### Data under study
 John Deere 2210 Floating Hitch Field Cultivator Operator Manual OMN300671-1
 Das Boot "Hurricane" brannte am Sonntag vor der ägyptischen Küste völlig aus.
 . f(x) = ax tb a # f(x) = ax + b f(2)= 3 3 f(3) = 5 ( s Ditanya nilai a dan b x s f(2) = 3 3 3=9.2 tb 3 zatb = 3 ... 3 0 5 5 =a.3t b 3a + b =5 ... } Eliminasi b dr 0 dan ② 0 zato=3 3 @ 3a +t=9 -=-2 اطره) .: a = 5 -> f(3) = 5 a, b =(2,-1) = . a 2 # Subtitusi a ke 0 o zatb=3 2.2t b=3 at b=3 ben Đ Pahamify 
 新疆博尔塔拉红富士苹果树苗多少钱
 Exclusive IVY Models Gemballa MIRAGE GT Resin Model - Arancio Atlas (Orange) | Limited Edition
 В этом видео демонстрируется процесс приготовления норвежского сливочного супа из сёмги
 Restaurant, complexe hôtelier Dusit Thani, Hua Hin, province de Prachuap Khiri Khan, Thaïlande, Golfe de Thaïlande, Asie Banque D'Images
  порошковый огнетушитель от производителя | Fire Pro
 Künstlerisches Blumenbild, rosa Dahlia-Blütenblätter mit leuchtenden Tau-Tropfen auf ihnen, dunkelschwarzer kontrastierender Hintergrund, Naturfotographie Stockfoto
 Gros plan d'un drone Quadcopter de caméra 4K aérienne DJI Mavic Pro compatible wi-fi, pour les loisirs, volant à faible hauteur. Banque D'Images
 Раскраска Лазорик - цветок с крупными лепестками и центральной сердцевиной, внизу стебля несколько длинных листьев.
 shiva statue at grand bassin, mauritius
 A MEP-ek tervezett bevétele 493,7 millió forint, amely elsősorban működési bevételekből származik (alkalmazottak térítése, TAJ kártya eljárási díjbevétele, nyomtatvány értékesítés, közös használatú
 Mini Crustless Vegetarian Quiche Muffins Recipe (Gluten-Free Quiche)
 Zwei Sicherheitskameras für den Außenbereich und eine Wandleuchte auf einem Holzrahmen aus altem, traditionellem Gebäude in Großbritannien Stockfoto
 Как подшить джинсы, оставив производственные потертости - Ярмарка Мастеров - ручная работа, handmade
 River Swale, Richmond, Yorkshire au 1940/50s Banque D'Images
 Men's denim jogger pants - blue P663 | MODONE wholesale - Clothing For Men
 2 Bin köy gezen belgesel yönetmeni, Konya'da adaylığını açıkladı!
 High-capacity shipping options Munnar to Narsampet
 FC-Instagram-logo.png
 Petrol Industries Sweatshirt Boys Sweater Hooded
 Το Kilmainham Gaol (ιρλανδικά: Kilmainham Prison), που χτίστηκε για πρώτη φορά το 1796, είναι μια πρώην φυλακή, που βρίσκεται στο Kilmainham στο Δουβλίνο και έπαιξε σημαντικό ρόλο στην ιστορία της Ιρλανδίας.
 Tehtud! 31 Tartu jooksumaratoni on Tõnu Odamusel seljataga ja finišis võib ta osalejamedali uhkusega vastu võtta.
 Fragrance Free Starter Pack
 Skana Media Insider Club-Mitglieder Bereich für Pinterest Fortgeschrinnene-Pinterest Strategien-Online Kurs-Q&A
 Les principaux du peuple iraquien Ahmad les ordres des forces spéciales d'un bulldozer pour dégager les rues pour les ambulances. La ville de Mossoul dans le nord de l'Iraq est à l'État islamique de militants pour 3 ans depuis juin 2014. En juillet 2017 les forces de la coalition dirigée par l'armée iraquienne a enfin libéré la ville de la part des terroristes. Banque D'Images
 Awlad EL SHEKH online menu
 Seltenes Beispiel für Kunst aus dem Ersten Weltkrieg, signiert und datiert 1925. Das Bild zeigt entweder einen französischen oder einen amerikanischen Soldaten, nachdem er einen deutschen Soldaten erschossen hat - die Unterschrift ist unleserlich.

### What is required
When you output the entries, keep every line exactly as it appears above.

### Answer space
 John Deere 2210 Floating Hitch Field Cultivator Operator Manual OMN300671-1
 Das Boot "Hurricane" brannte am Sonntag vor der ägyptischen Küste völlig aus.
 . f(x) = ax tb a # f(x) = ax + b f(2)= 3 3 f(3) = 5 ( s Ditanya nilai a dan b x s f(2) = 3 3 3=9.2 tb 3 zatb = 3 ... 3 0 5 5 =a.3t b 3a + b =5 ... } Eliminasi b dr 0 dan ② 0 zato=3 3 @ 3a +t=9 -=-2 اطره) .: a = 5 -> f(3) = 5 a, b =(2,-1) = . a 2 # Subtitusi a ke 0 o zatb=3 2.2t b=3 at b=3 ben Đ Pahamify 
 新疆博尔塔拉红富士苹果树苗多少钱
 Exclusive IVY Models Gemballa MIRAGE GT Resin Model - Arancio Atlas (Orange) | Limited Edition
 В этом видео демонстрируется процесс приготовления норвежского сливочного супа из сёмги
 Restaurant, complexe hôtelier Dusit Thani, Hua Hin, province de Prachuap Khiri Khan, Thaïlande, Golfe de Thaïlande, Asie Banque D'Images
  порошковый огнетушитель от производителя | Fire Pro
 Künstlerisches Blumenbild, rosa Dahlia-Blütenblätter mit leuchtenden Tau-Tropfen auf ihnen, dunkelschwarzer kontrastierender Hintergrund, Naturfotographie Stockfoto
 Gros plan d'un drone Quadcopter de caméra 4K aérienne DJI Mavic Pro compatible wi-fi, pour les loisirs, volant à faible hauteur. Banque D'Images
 Раскраска Лазорик - цветок с крупными лепестками и центральной сердцевиной, внизу стебля несколько длинных листьев.
 shiva statue at grand bassin, mauritius
 A MEP-ek tervezett bevétele 493,7 millió forint, amely elsősorban működési bevételekből származik (alkalmazottak térítése, TAJ kártya eljárási díjbevétele, nyomtatvány értékesítés, közös használatú
 Mini Crustless Vegetarian Quiche Muffins Recipe (Gluten-Free Quiche)
 Zwei Sicherheitskameras für den Außenbereich und eine Wandleuchte auf einem Holzrahmen aus altem, traditionellem Gebäude in Großbritannien Stockfoto
 Как подшить джинсы, оставив производственные потертости - Ярмарка Мастеров - ручная работа, handmade
 River Swale, Richmond, Yorkshire au 1940/50s Banque D'Images
 Men's denim jogger pants - blue P663 | MODONE wholesale - Clothing For Men
 2 Bin köy gezen belgesel yönetmeni, Konya'da adaylığını açıkladı!
 High-capacity shipping options Munnar to Narsampet
 FC-Instagram-logo.png
 Petrol Industries Sweatshirt Boys Sweater Hooded
 Το Kilmainham Gaol (ιρλανδικά: Kilmainham Prison), που χτίστηκε για πρώτη φορά το 1796, είναι μια πρώην φυλακή, που βρίσκεται στο Kilmainham στο Δουβλίνο και έπαιξε σημαντικό ρόλο στην ιστορία της Ιρλανδίας.
 Tehtud! 31 Tartu jooksumaratoni on Tõnu Odamusel seljataga ja finišis võib ta osalejamedali uhkusega vastu võtta.
 Fragrance Free Starter Pack
 Skana Media Insider Club-Mitglieder Bereich für Pinterest Fortgeschrinnene-Pinterest Strategien-Online Kurs-Q&A
 Les principaux du peuple iraquien Ahmad les ordres des forces spéciales d'un bulldozer pour dégager les rues pour les ambulances. La ville de Mossoul dans le nord de l'Iraq est à l'État islamique de militants pour 3 ans depuis juin 2014. En juillet 2017 les forces de la coalition dirigée par l'armée iraquienne a enfin libéré la ville de la part des terroristes. Banque D'Images
 Awlad EL SHEKH online menu
 Seltenes Beispiel für Kunst aus dem Ersten Weltkrieg, signiert und datiert 1925. Das Bild zeigt entweder einen französischen oder einen amerikanischen Soldaten, nachdem er einen deutschen Soldaten erschossen hat - die Unterschrift ist unleserlich.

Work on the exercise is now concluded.